13:05:12 Check 'Check endpoints for mwdebug1002.eqiad.wmnet' failed:
  /wiki/{title} (Main Page) timed out before a response was received;
  /wiki/{title} (Special Version) timed out before a response was received;
  /w/api.php (Main Page pageprops) timed out before a response was received

My guess is that the check is the very first request to those hosts and the HHVM bytecode cache has to be primed? That takes more than 10 seconds which might be the timeout for that check.

Event Timeline

I don't think it'd be the HHVM bytecode cache for promoting all wikis since 1.32.0-wmf.20 has been on wikis since Tuesday.

I do wonder if it's related to T203625: mwdebug1001 and mwdebug1002 are reliably the last two hosts to finish scap-cdb-rebuild .

This briefly happened during a swat deploy just now -

<icinga-wm> PROBLEM - HHVM rendering on mwdebug1002 is CRITICAL: CRITICAL - Socket timeout after 10 seconds

It recovered after two minutes.

We see similar issues during manual testing: T215368: First request after a MediaWiki sync times out on mwdebug

Also, saw this today 2-3 minutes after a patch was pulled to mwdebug1002:

19:27 <+icinga-wm> PROBLEM - HHVM rendering on mwdebug1002 is CRITICAL: CRITICAL - Socket timeout after 10 seconds
19:29 <+icinga-wm> RECOVERY - HHVM rendering on mwdebug1002 is OK: HTTP OK: HTTP/1.1 200 OK - 76873 bytes in 0.258 second response time

The timeouts we see from the endpoints checks on canary servers doesn't itself involve cdb rebuilds, so this presumably isn't meant to depend on T203625. Also because we've seen the endpoint check failures happen on other canaries as well, including canaries that aren't mwdebug VMs.

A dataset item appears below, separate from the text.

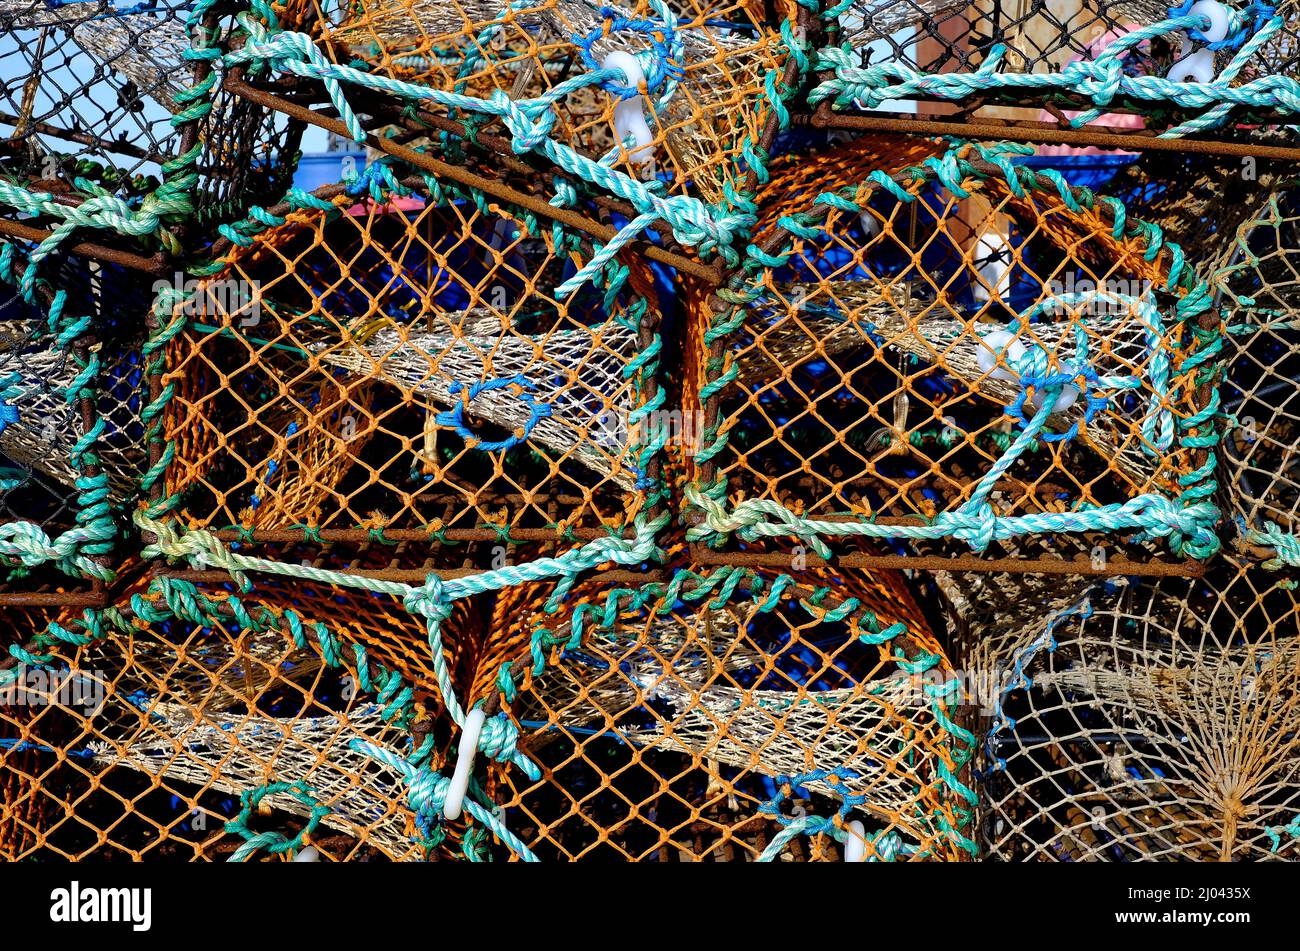 pila de ollas de cangrejo de langosta, al lado del mar, al norte de norfolk, inglaterra Foto de stock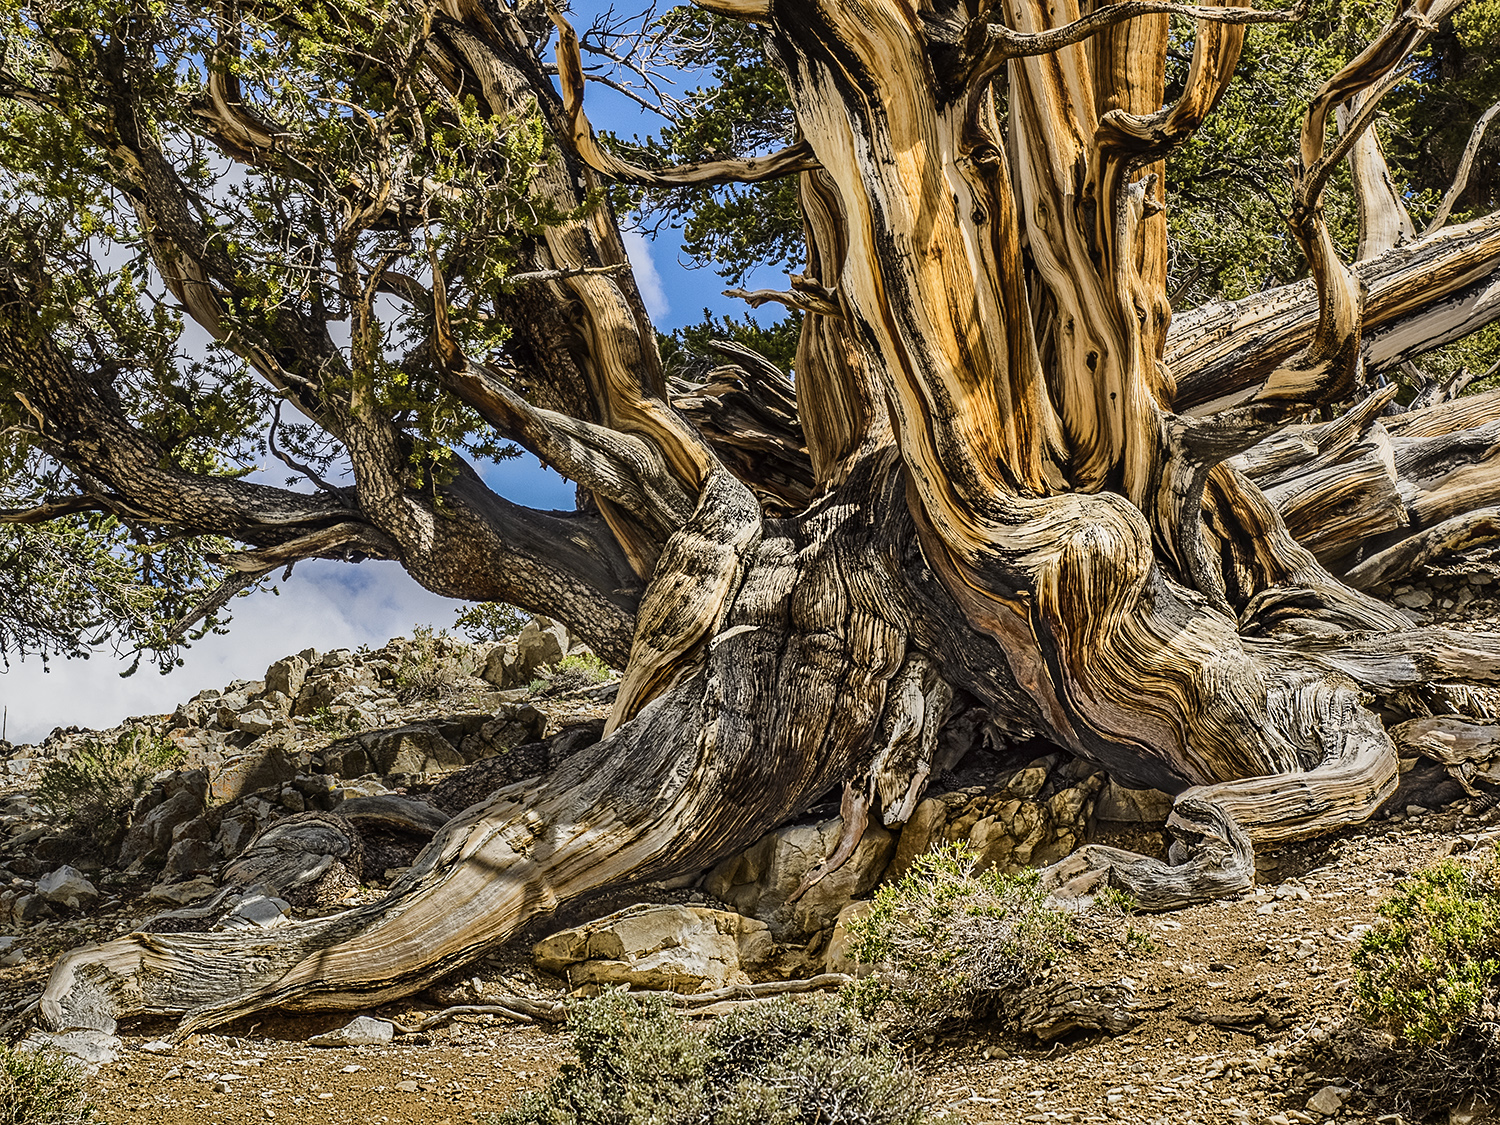 Bristlecone Pine

I suspect that the problem causing endpoint checks to fail on canaries isn't specific to either mwdebug, nor canaries, because we're also seeing T204871, which affects all app servers shortly after a deployment. And the endpoint checks applied to canaries are effectively the same real-user requests reported to Logstash in T204871.